[Exercise aim]
Would you restate the entries below word for word, leaving out the images?

[Record set]
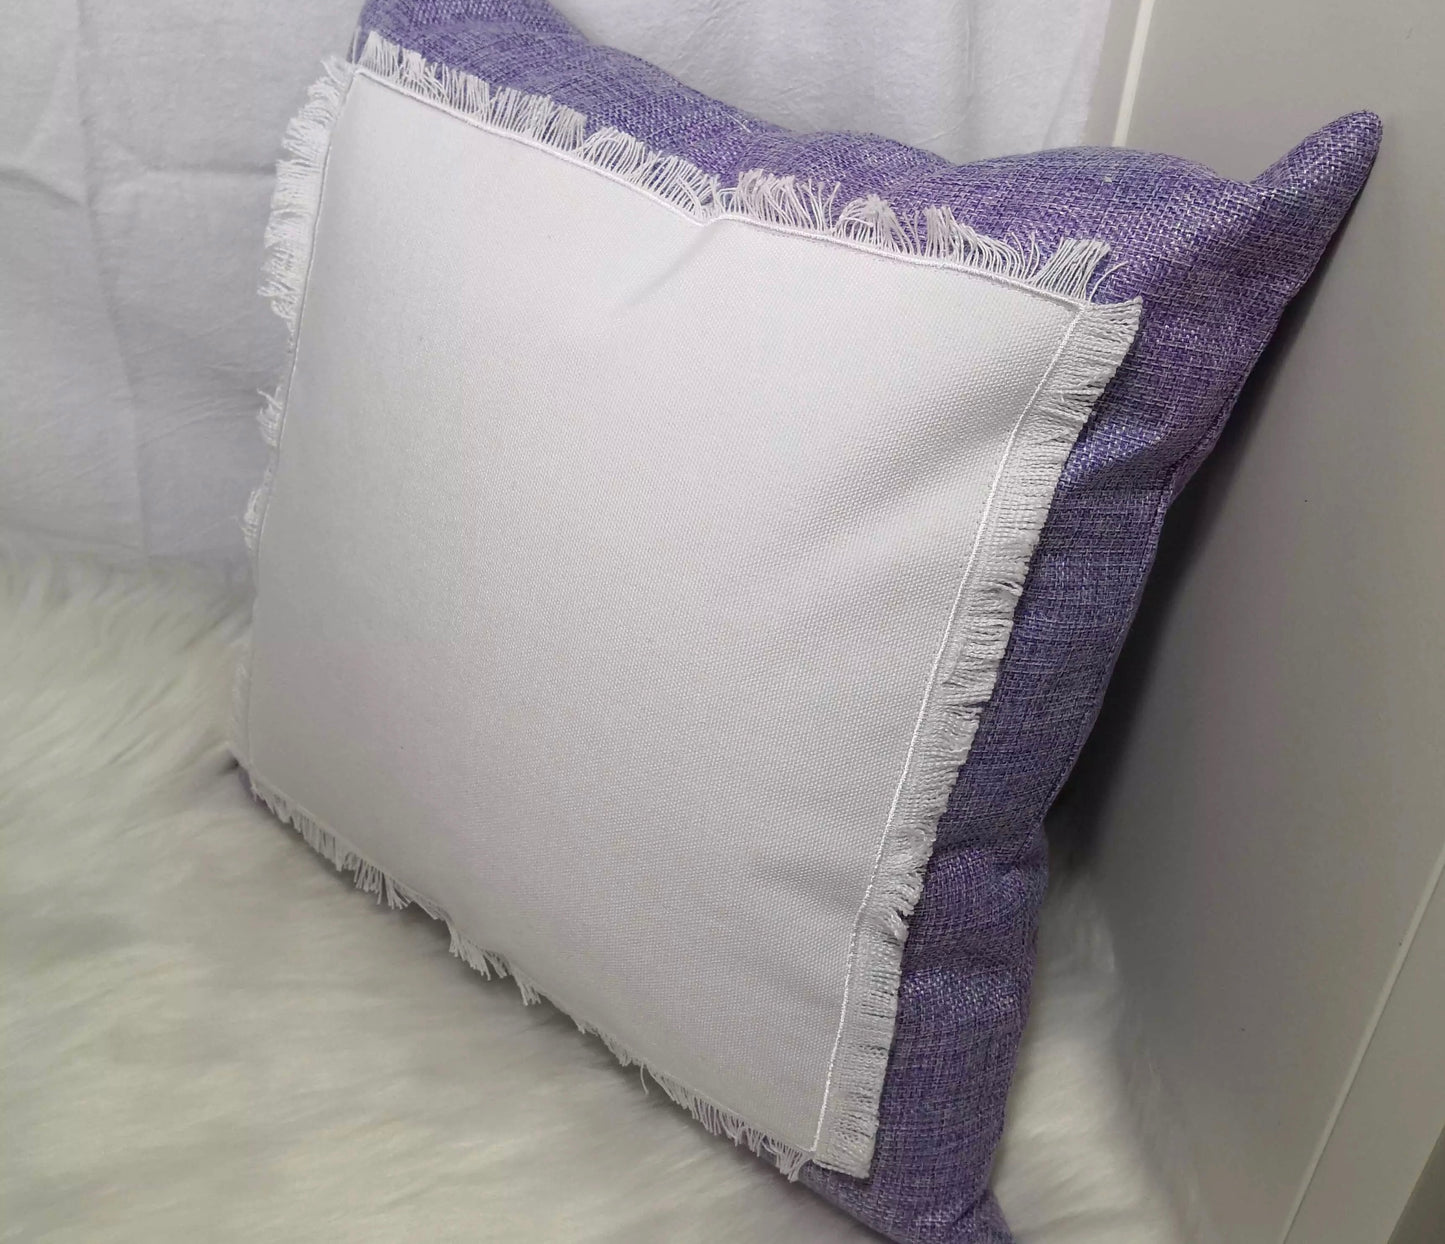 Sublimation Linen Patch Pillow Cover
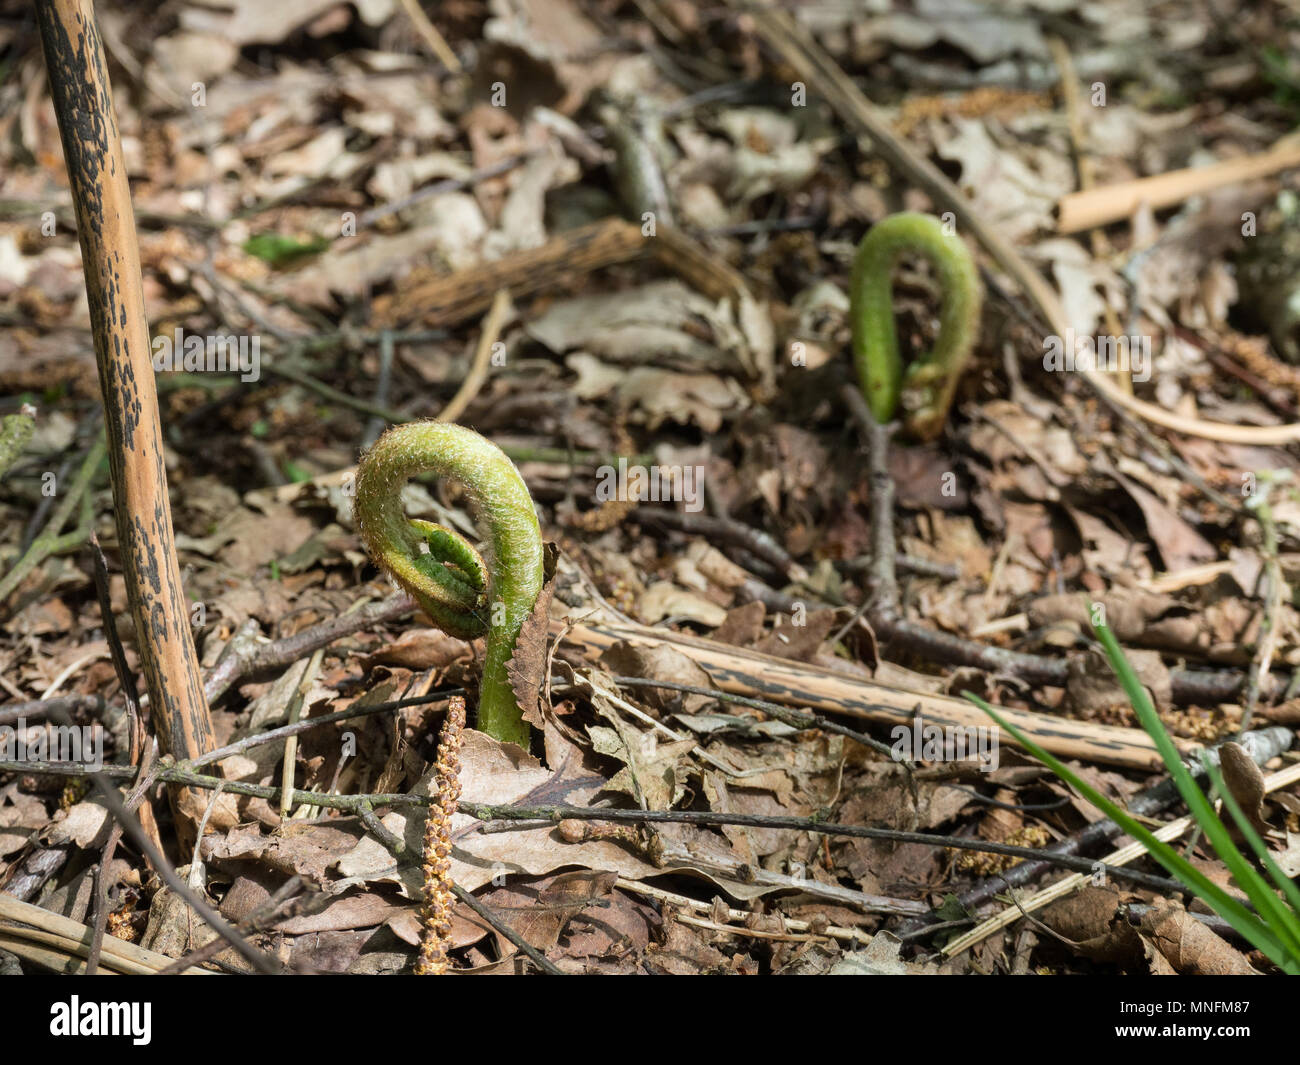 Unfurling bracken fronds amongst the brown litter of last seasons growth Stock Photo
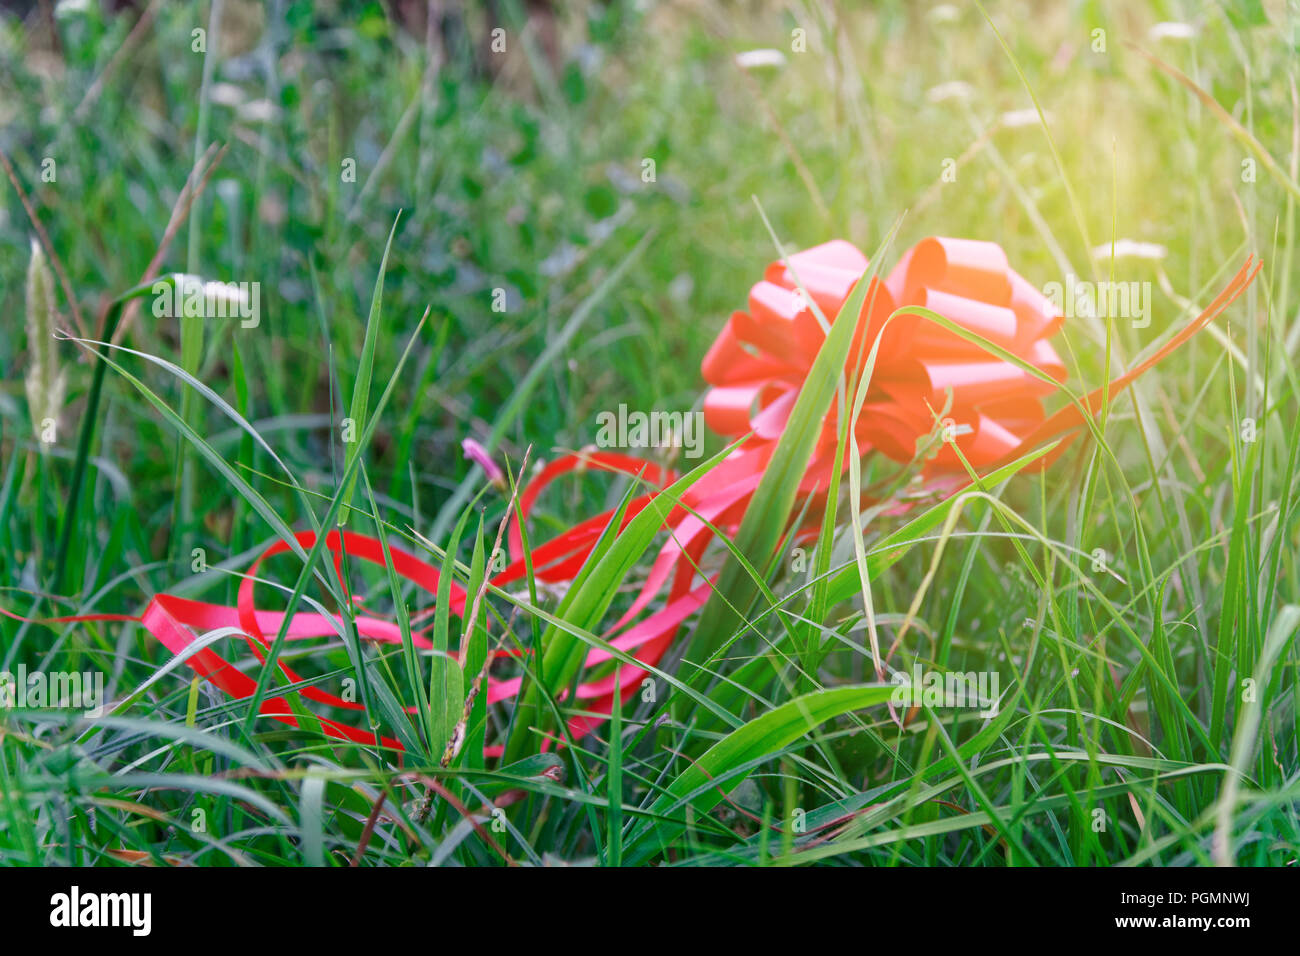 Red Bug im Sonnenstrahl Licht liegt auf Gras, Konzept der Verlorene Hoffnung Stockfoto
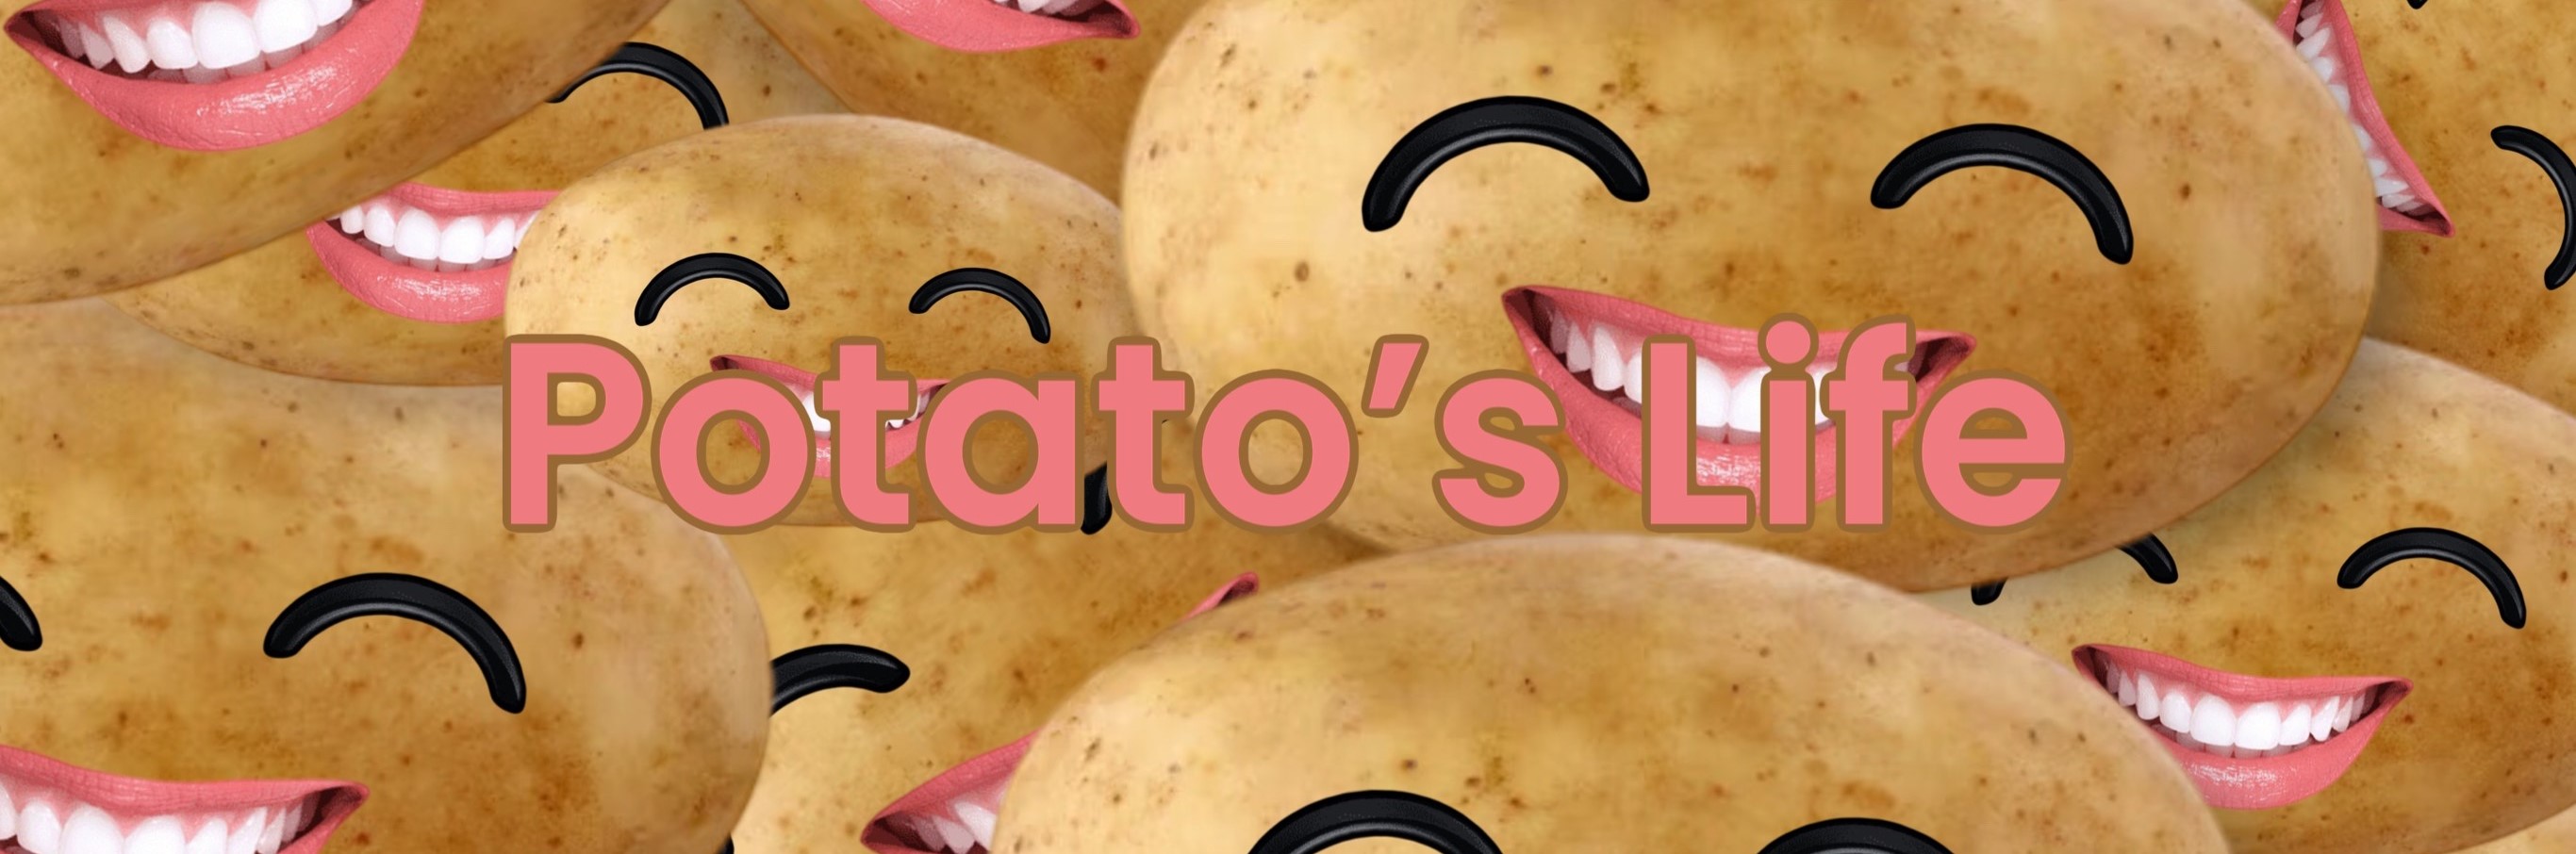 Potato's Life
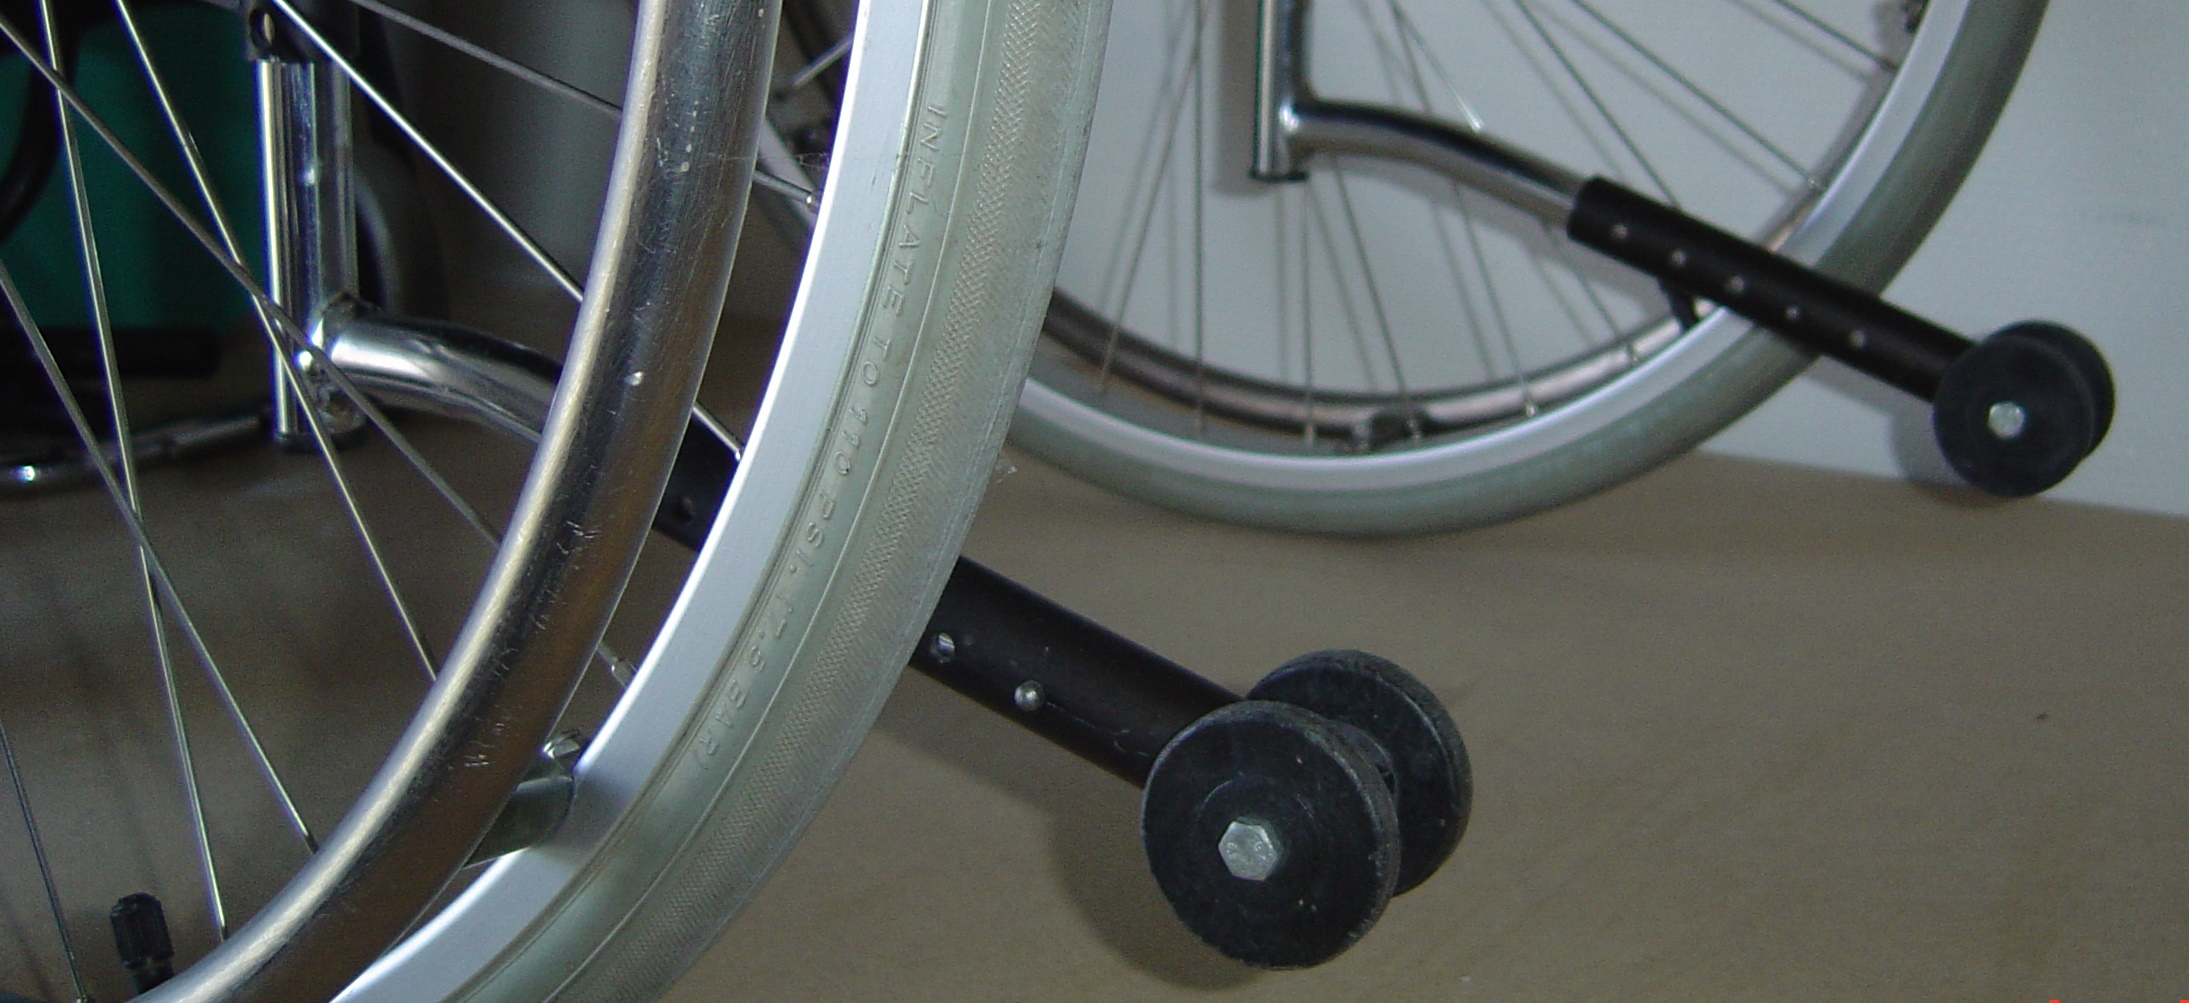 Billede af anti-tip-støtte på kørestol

[Result of this exercise]
 Sublimation Linen Patch Pillow Cover
 Unfurling bracken fronds amongst the brown litter of last seasons growth Stock Photo
 Red Bug im Sonnenstrahl Licht liegt auf Gras, Konzept der Verlorene Hoffnung Stockfoto
 Potato's Life
 Billede af anti-tip-støtte på kørestol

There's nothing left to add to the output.